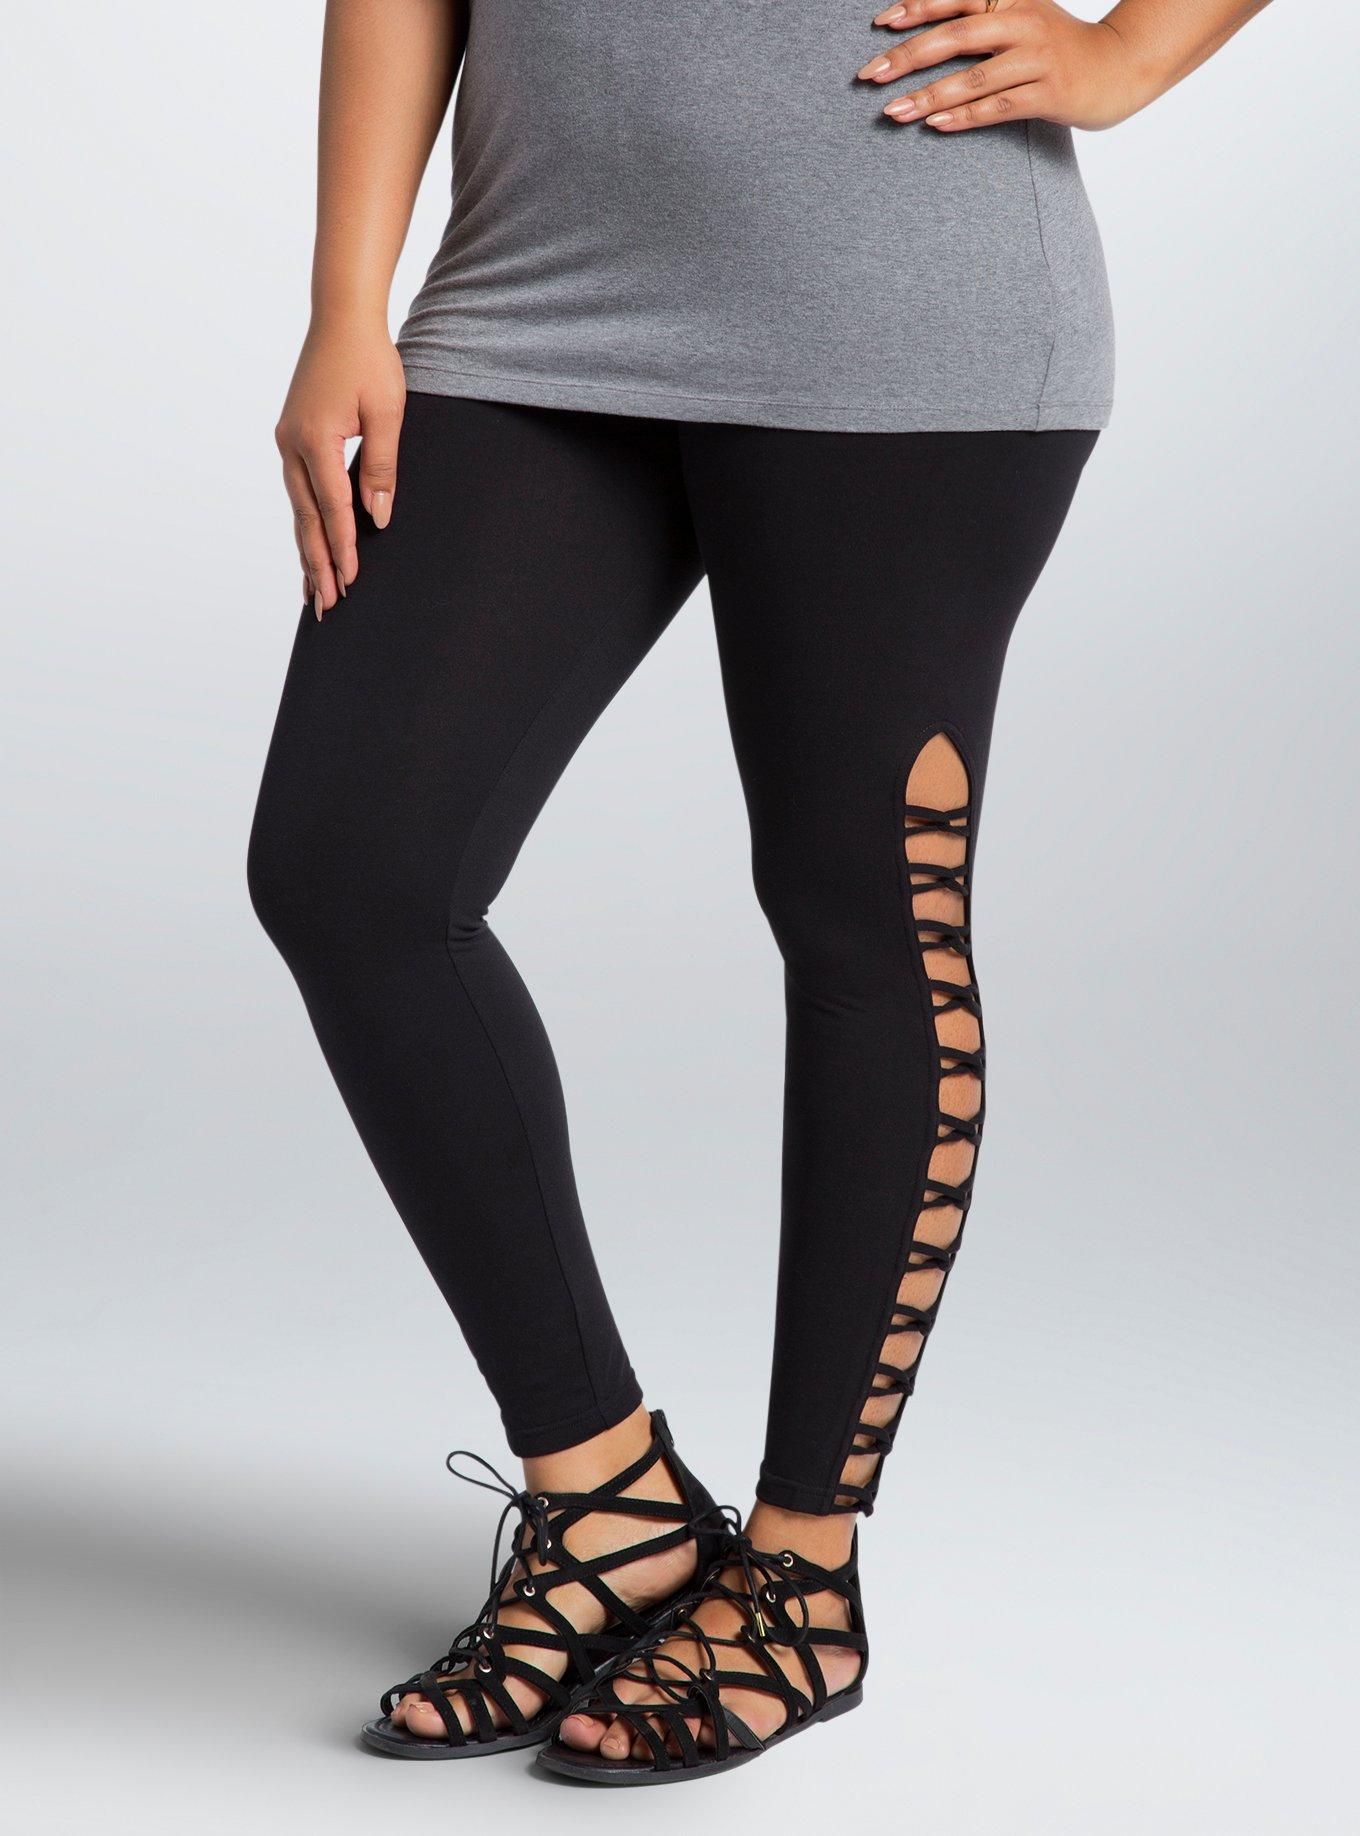 Lattice Legging – Flaw•Some Fashion
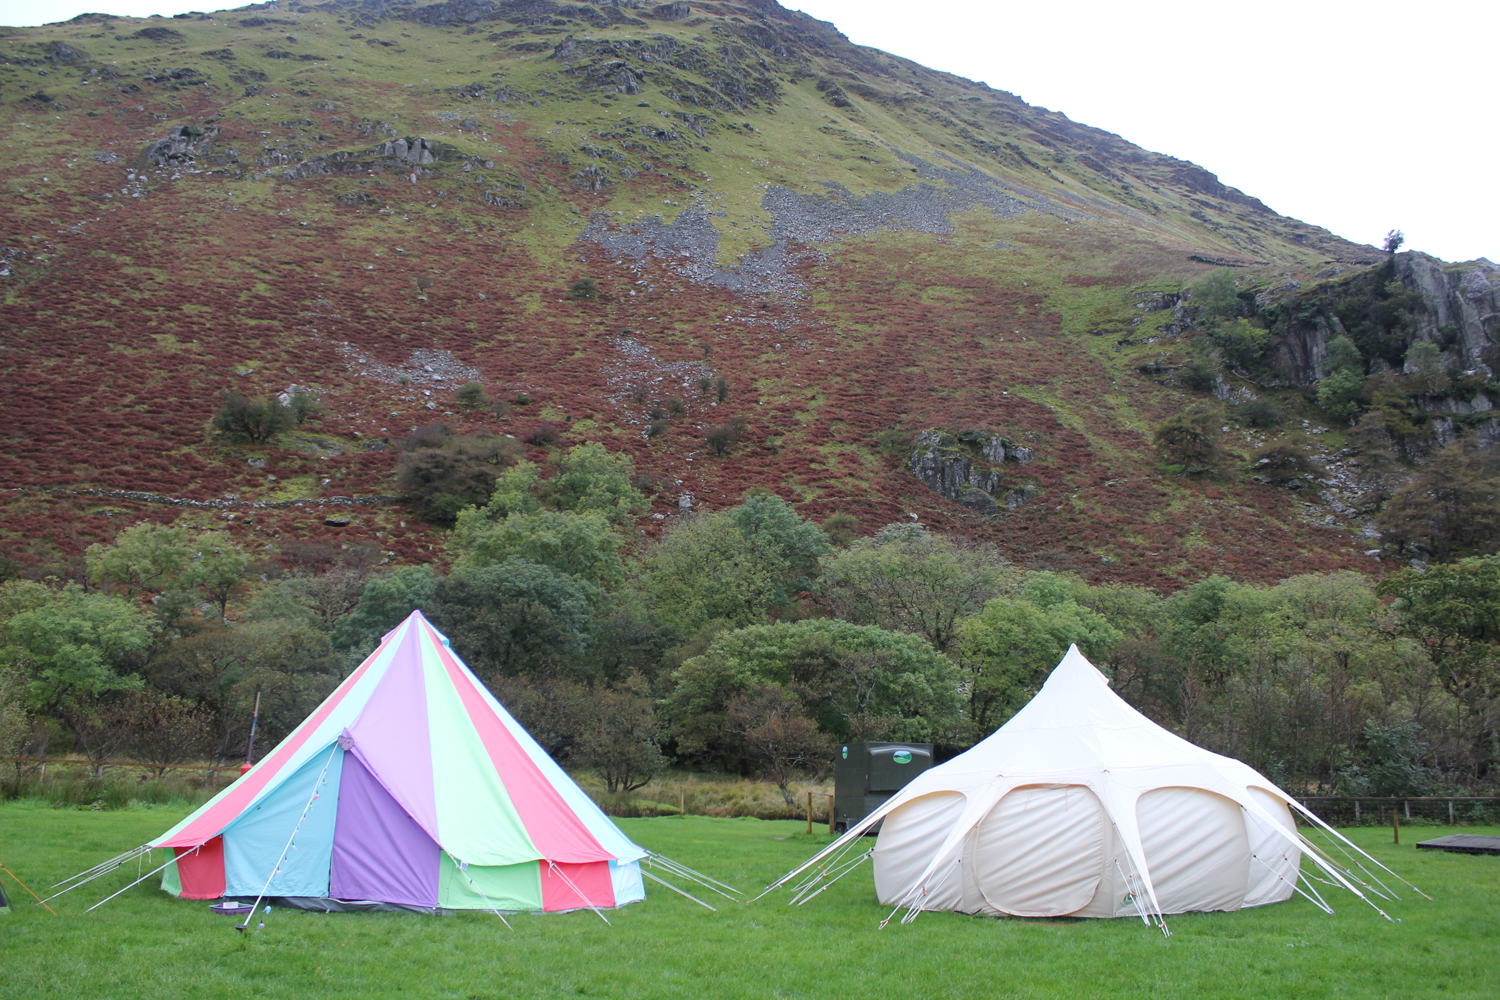 tents set up at campsite
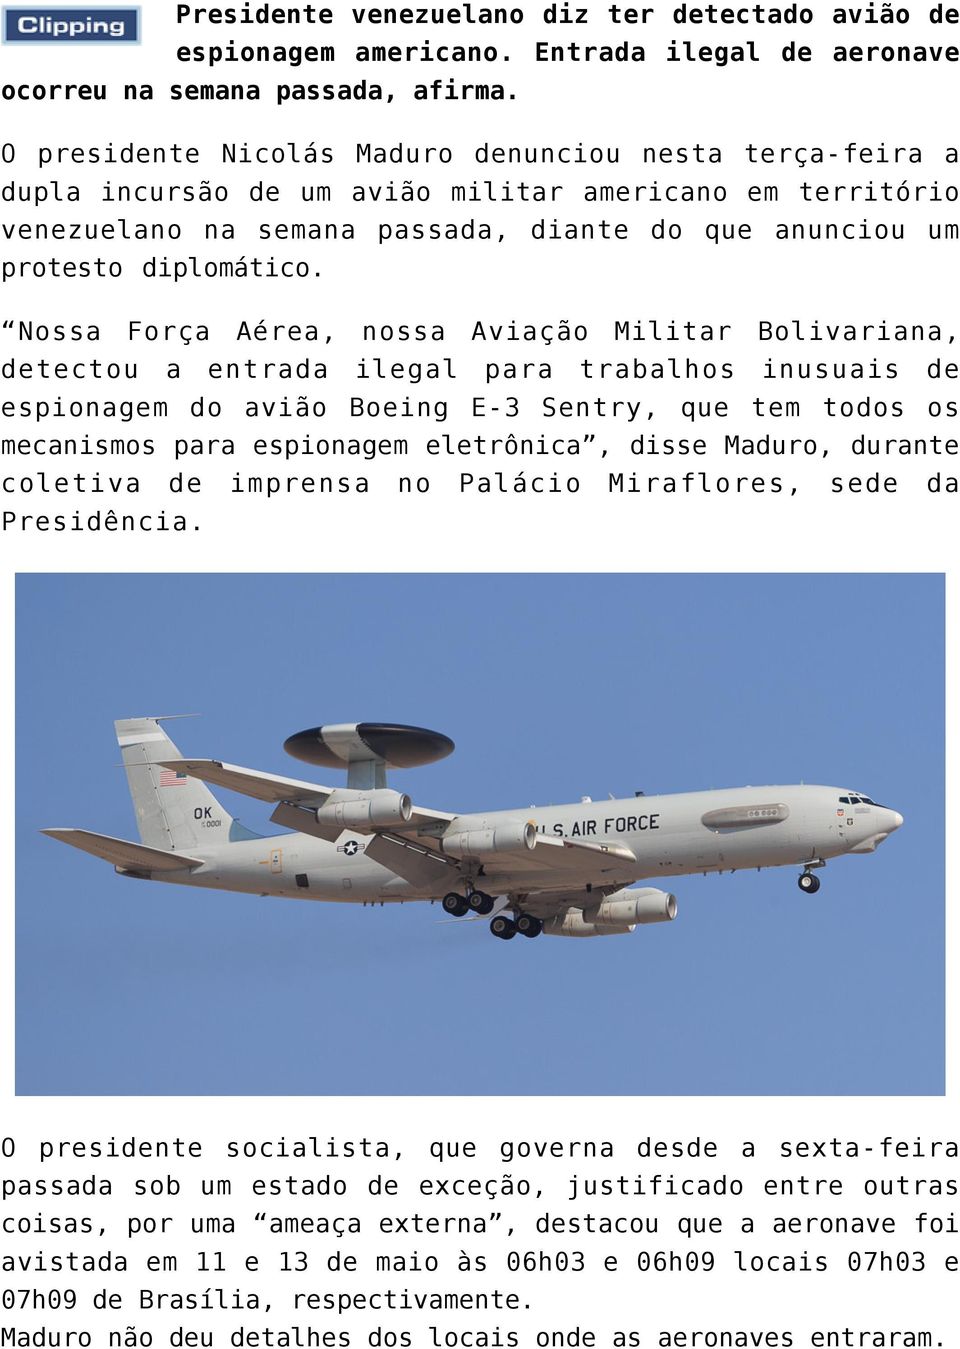 Nossa Força Aérea, nossa Aviação Militar Bolivariana, detectou a entrada ilegal para trabalhos inusuais de espionagem do avião Boeing E-3 Sentry, que tem todos os mecanismos para espionagem

» **What you need to do**:
Each line above must be repeated exactly in the answer, with pictures omitted.

» **Result for this exercise**:
 Lattice Legging – Flaw•Some Fashion
 tents set up at campsite
 Nossa Força Aérea, nossa Aviação Militar Bolivariana, detectou a entrada ilegal para trabalhos inusuais de espionagem do avião Boeing E-3 Sentry, que tem todos os mecanismos para espionagem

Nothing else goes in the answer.